Payment for Part B drugs is based on the average sales price (ASP) plus 6% for drugs provided in the hospital outpatient department, unless the hospital participates in the 340 Drug Pricing Program. The ASP formulas are separated into three categories: single-source drugs or biologics, multiple source drugs, and biosimilars. Generics and multiple-source small molecule drugs share an ASP-based payment rate. But each single-source drug has its own ASP based rate. Biosimilars are not grouped with the reference for Medicare Part B payment. CMS ruled in 2017 that each biosimilar would have its own unique code for billing.
Investigators in the JAMA Network Open study aimed to characterize the nature of price competition among brand-name and generic drugs under Medicare Part B and to estimate the cost savings to the program of subjecting biologic and biosimilar therapies to a similar price competition.
Investigators analyzed brand-name drugs and their approved generic versions, as well as biologics and biosimilars, that were reimbursed under Medicare Part B from first quarter 2005 to the second quarter of 2021. Two separate data sets were created: brand-name and generic drugs as well as biologics and biosimilars data sets. Brand-name products with generic versions that were introduced before 2005 were excluded, and so were vaccines.
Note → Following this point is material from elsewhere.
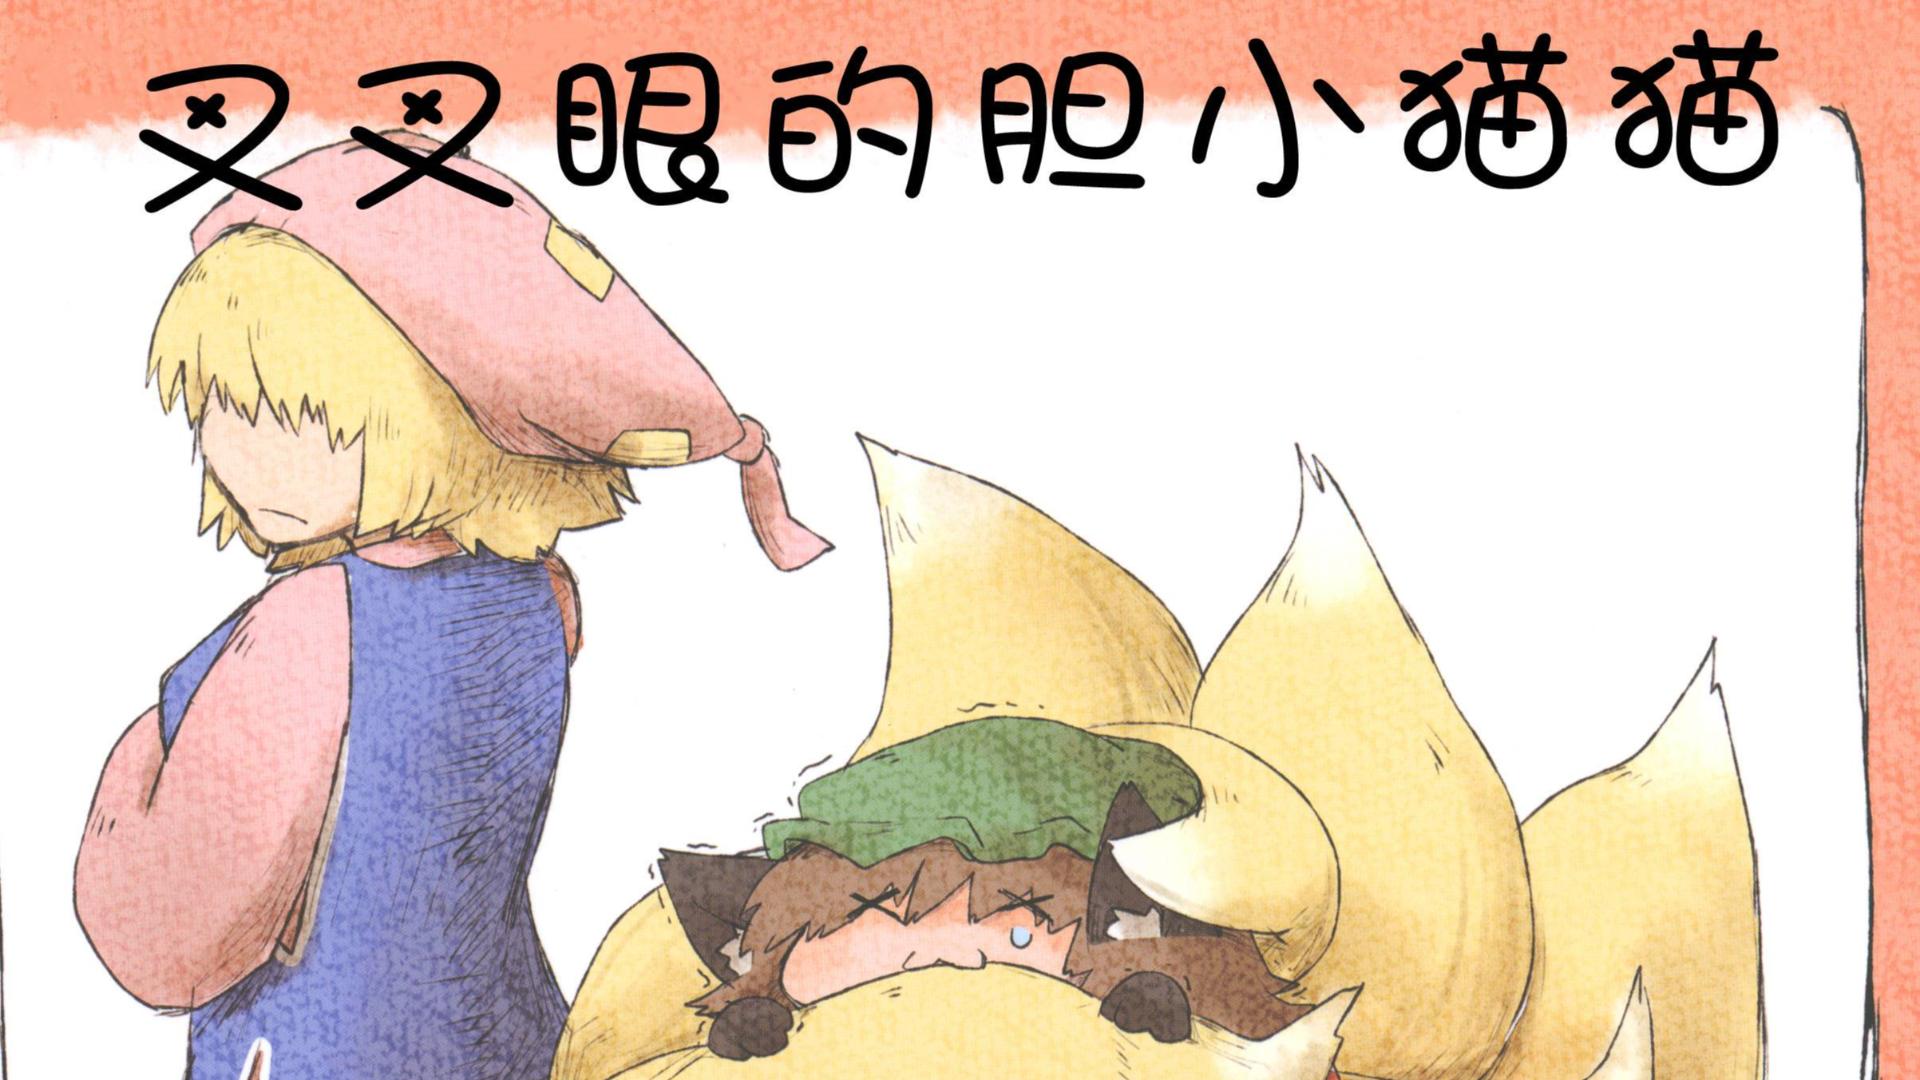 【东方同人绘本】叉叉眼的胆小猫猫

Investigators identified 50 unique codes that met the inclusion criteria for the brand-name and generic drug data set and 28 (2.8%) that met the criteria for the biologic and biosimilar data set. Among the brand/generic cohort, the first generic competitor was associated with reduced drug prices by 17.0%, the second competitor with a 39.5% decrease, the third competitor with a 52.5% decrease, and the fourth and more competitors with a 70.2% decrease.
Investigators determined that if biologics and biosimilars were subject to the same Medicare reimbursement framework as brand-name and generic drugs, Medicare spending on these products was estimated to have been 26.6% lower ($1.6 billion) from 2015 to 2019.